Leggo my Eggo indeed.

Thursday, September 25, 2008

An Animal in a Trap

Strong-willed, exhibit 7,183:

My Zoe. She likes to do things on her own terms. She can be so cooperative and helpful, as long as it is her idea to be so. Which it often is. And sometimes, it is not.

As with most of parenting, and maybe all of life, transitions pose particular challenges. "Transition" usually means moving from something pleasant, like playing with her ponies, to something less pleasant, like using the potty. So she is not potty-trained yet, not because she could not be, but because it does not often suit her to make that transition.

But I have outwitted her in one particular arena.

Getting out of the bathtub is not a transition she loves. It's warm in the tub, and fun. It's cold in the bathroom, and getting out involves the work of getting dressed.
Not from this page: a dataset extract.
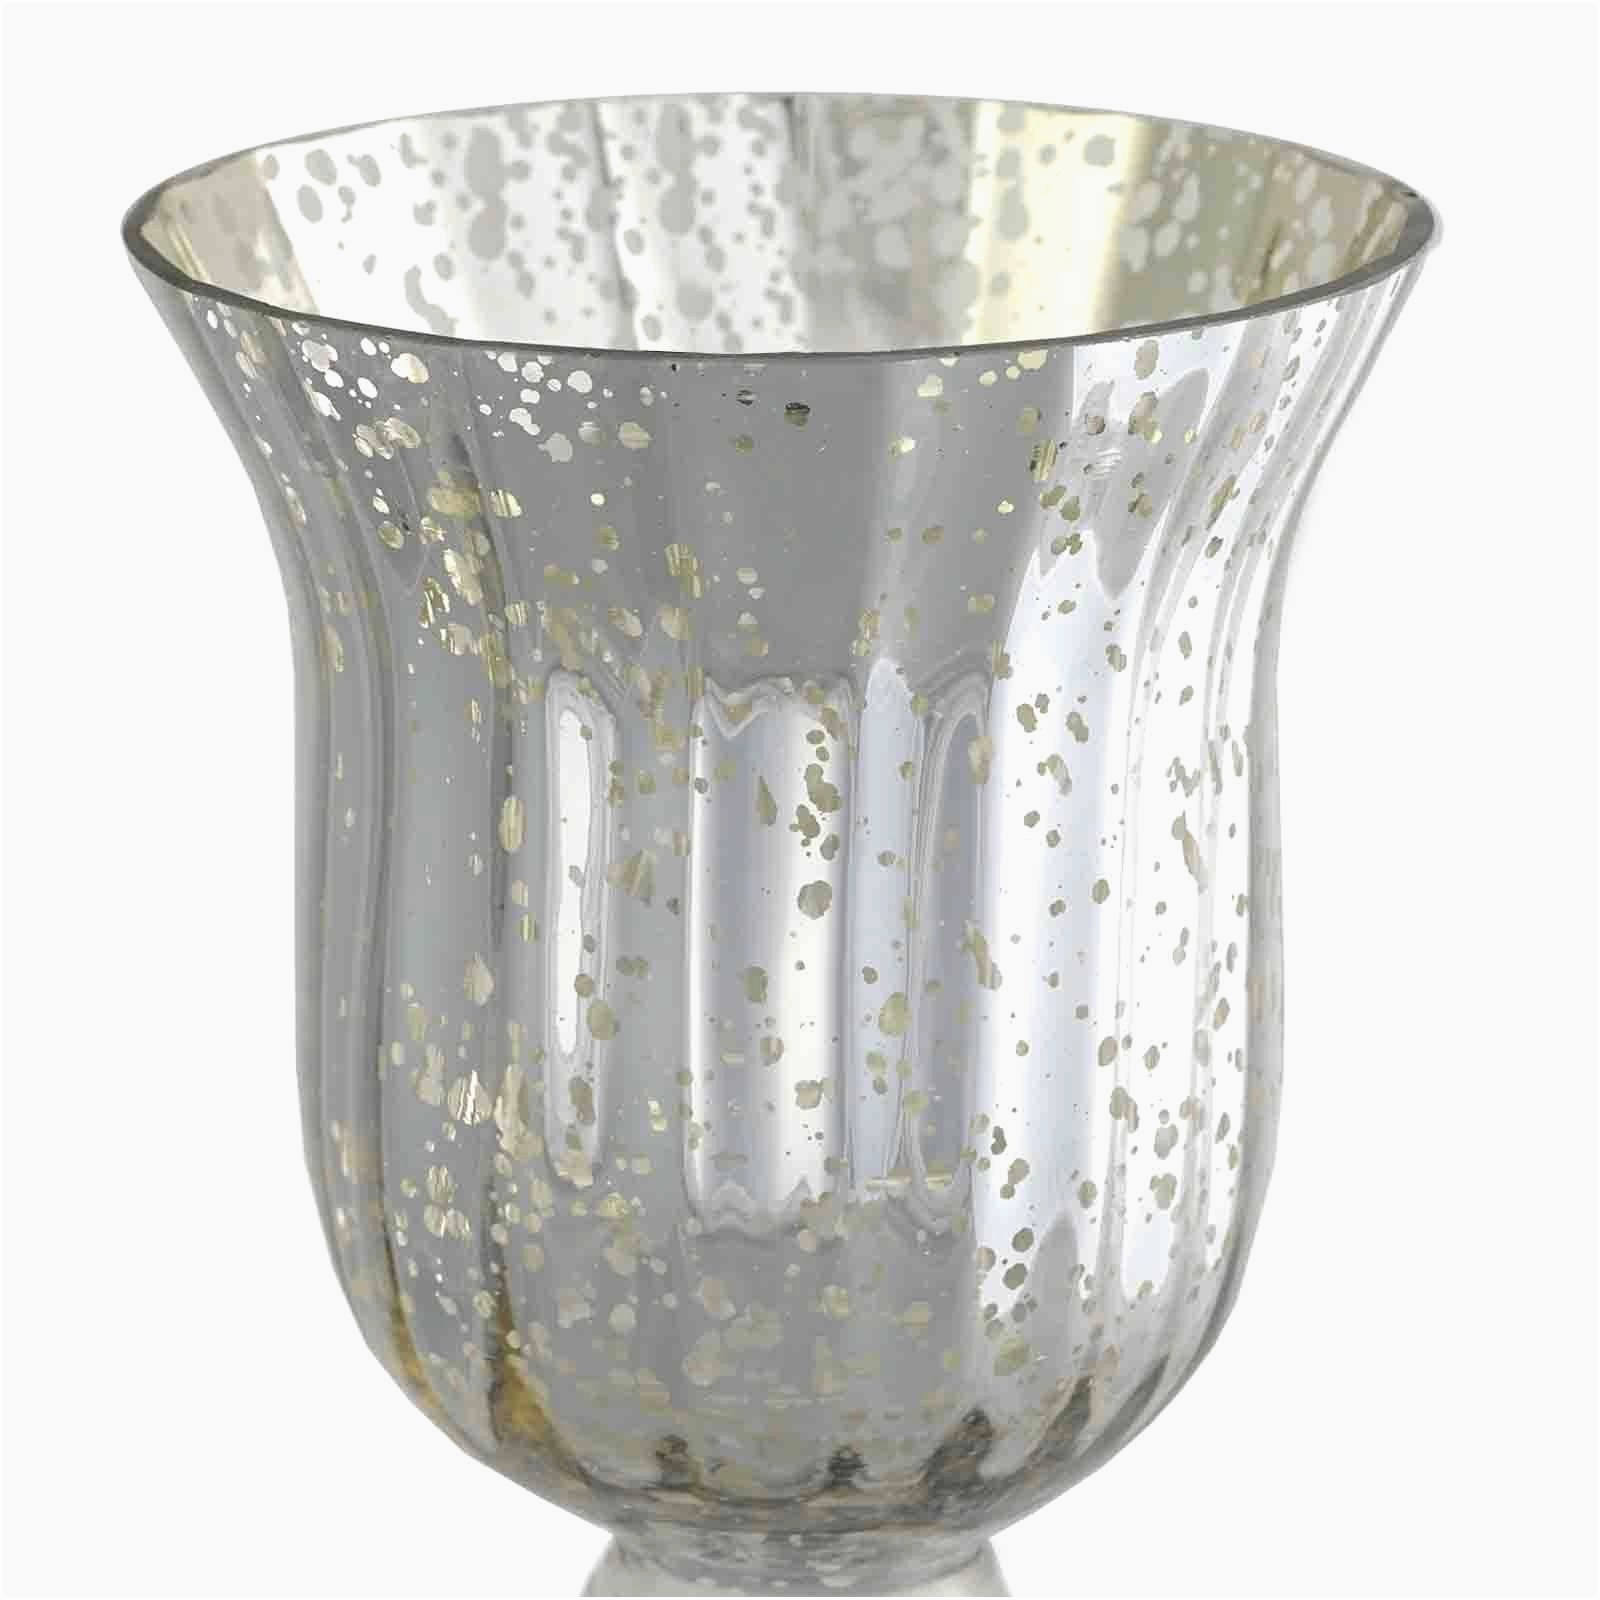 9 cylinder vase wholesale of wedding invitation email wedding dress gallery regarding bulk wedding favors splendid pe s5h vases candle vase i 0d bulk in uk ideas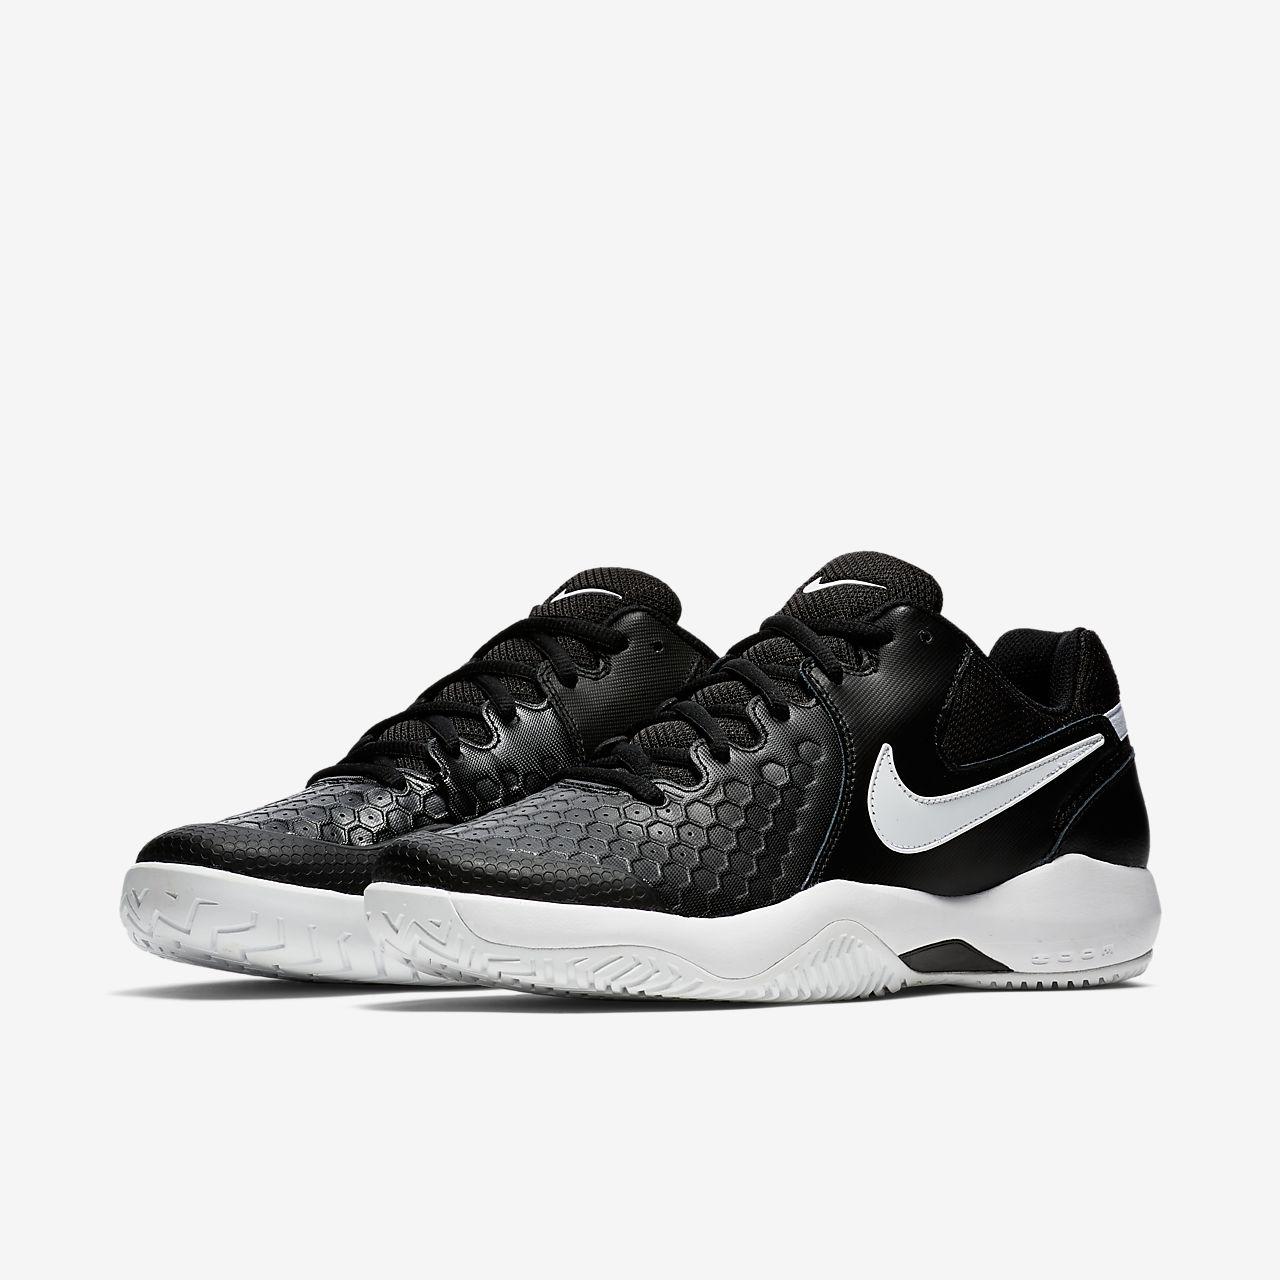 new product 4842b 6eb54 ... Tennissko NikeCourt Air Zoom Resistance Hard Court för män

If I just announce, "It's time to get out of the tub," I will surely encounter some resistance which, true, can be overcome by the force of the necessity of obedience, the threat (and the carryout) of discipline, and the like. But who wants to deal with all that at 7:00 in the evening, the time when my mind and body are crashing?

So instead, this is what I say. I kid you not, it works every time. "Zoe, are you an animal in a trap?" She nods shyly. "Oh, little animal," I say, "can you get out of that trap all by yourself, or do you need help?" Suddenly, that little animal shows me the way to get out of the trap/bathtub, slowly and carefully, and into the snuggly towel and the waiting arms of her Mama. I exclaim that it is such a clever little animal I have! She reveals to me what kind of animal she is, and we are both very pleased with ourselves.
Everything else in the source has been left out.